The key to achieving crispy zucchini fritters lies in properly removing excess moisture from the zucchini. By salting and resting the grated zucchini, you allow it to expel water, resulting in a firmer batter that fries beautifully. If the fritters seem too wet after mixing, you can add a bit more flour to bind them better. Cooking them in a hot skillet ensures a quick sear, locking in moisture while developing a golden crust. If they break during frying, it often means the mixture is too wet; simply add more flour to help them hold together. For a flavor twist, consider adding different herbs or spices to the batter, enhancing the summer vegetable profile with each batch you make. Remember, the texture is important; too much moisture leads to soggy fritters, while proper squeezing gives you that satisfying crunch.

Common mistakes

  • Under-draining the zucchini.

    • Target: After salting and resting, you should be able to squeeze a handful and have only a few drops of liquid come out.
    • Why it matters: Zucchini is more than 90% water. Any moisture left in the shred turns into steam inside the fritter and the crust never crisps — you get pale, soggy disks instead of golden ones.
    • What to do: Salt the shred, rest 10 minutes, then wring it hard in a clean kitchen towel or several squeezes in a fine sieve. Press until the towel is heavy and the zucchini looks dry and fluffy.
  • Oil that is too cool.

    • Target: Around 175-185°C / 350-365°F — a fritter should sizzle audibly the instant it hits the pan.
    • Why it matters: Cool oil seeps in instead of searing. The fritters absorb fat, the crust never sets, and they fall apart when you try to flip them.
    • What to do: Wait until a single shred dropped in the oil bubbles vigorously. If the surface goes still after the first fritter, lift them out and let the oil come back up before continuing.
  • Crowding the pan.

    • Target: Leave at least a fritter's width of space between portions.
    • Why it matters: Each fritter sheds moisture as it cooks; crowded pans trap that steam and the temperature drops sharply.
    • What to do: Fry in batches and resist the urge to fill the pan.
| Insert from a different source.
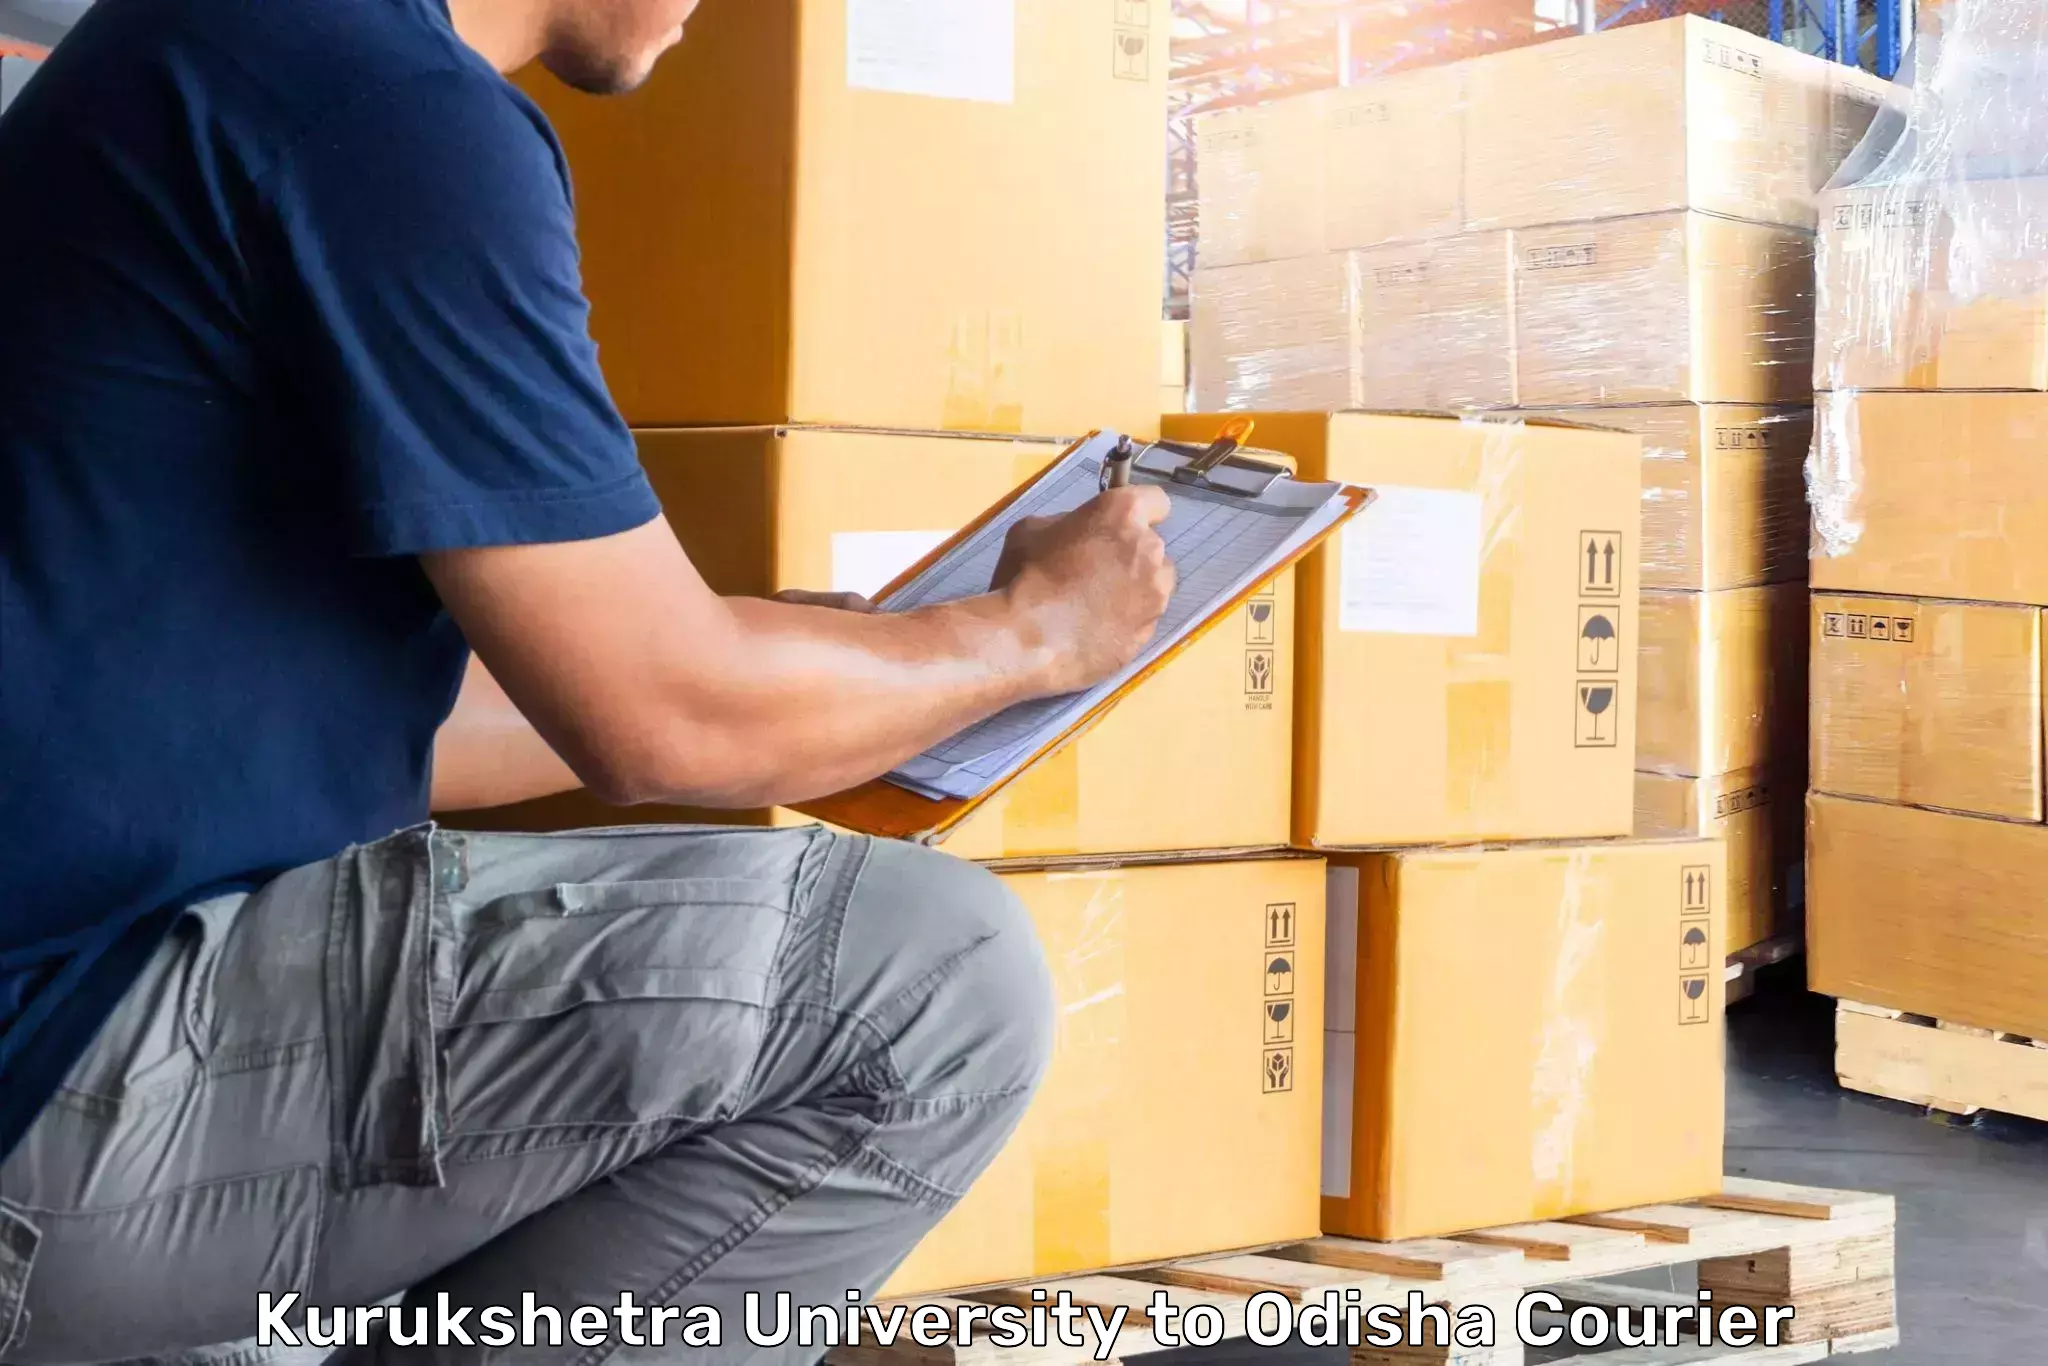 Baggage delivery scheduling in Kurukshetra University to Talcher

Keep the finished fritters on a wire rack (not paper towels) in a low oven so the steam from underneath escapes.
  • Flipping too early.

    • Target: First side a deep, even gold-brown before you turn — usually 3-4 minutes.
    • Why it matters: The egg-and-flour binder needs time to set against the hot surface. Flip too soon and the fritter tears, leaving a wet center.
    • What to do: Resist nudging. When the edges look set and the bottom rim is dark gold, slide a thin spatula under and turn once, gently.

What to look for

  • A shred of zucchini that holds its shape when squeezed — no fresh drips after the towel-press.
  • An audible, steady sizzle the moment a portion lands in the oil, with bubbles rising at the edges.
  • Deep golden, lacy edges and a crisp set crust before you flip.
  • A clean snap or crackle from the crust when you cut into a finished fritter, with steam — not water — rising from the interior.

A note on history

Zucchini fritters (shredded courgette held together with egg, flour, and cheese, then pan-fried) are a Mediterranean and Eastern Mediterranean family rather than a single national dish. In Greece they appear as kolokithokeftedes (κολοκυθοκεφτέδες), strongly associated with Crete and the islands, often bound with feta or local cheeses. In Turkey they are mücver, with roots described back to Ottoman vegetable-fritter traditions and now common across the country, sometimes made with corn, spinach or other greens depending on the region. Italy has its own fritters of zucchini and flowers (frittelle di zucchine / zucchini-flower fritters), all part of the same cucina povera (literally "poor cooking" — the Italian tradition of resourceful peasant-pantry dishes) logic of turning a glut of summer squash into something crisp and satisfying.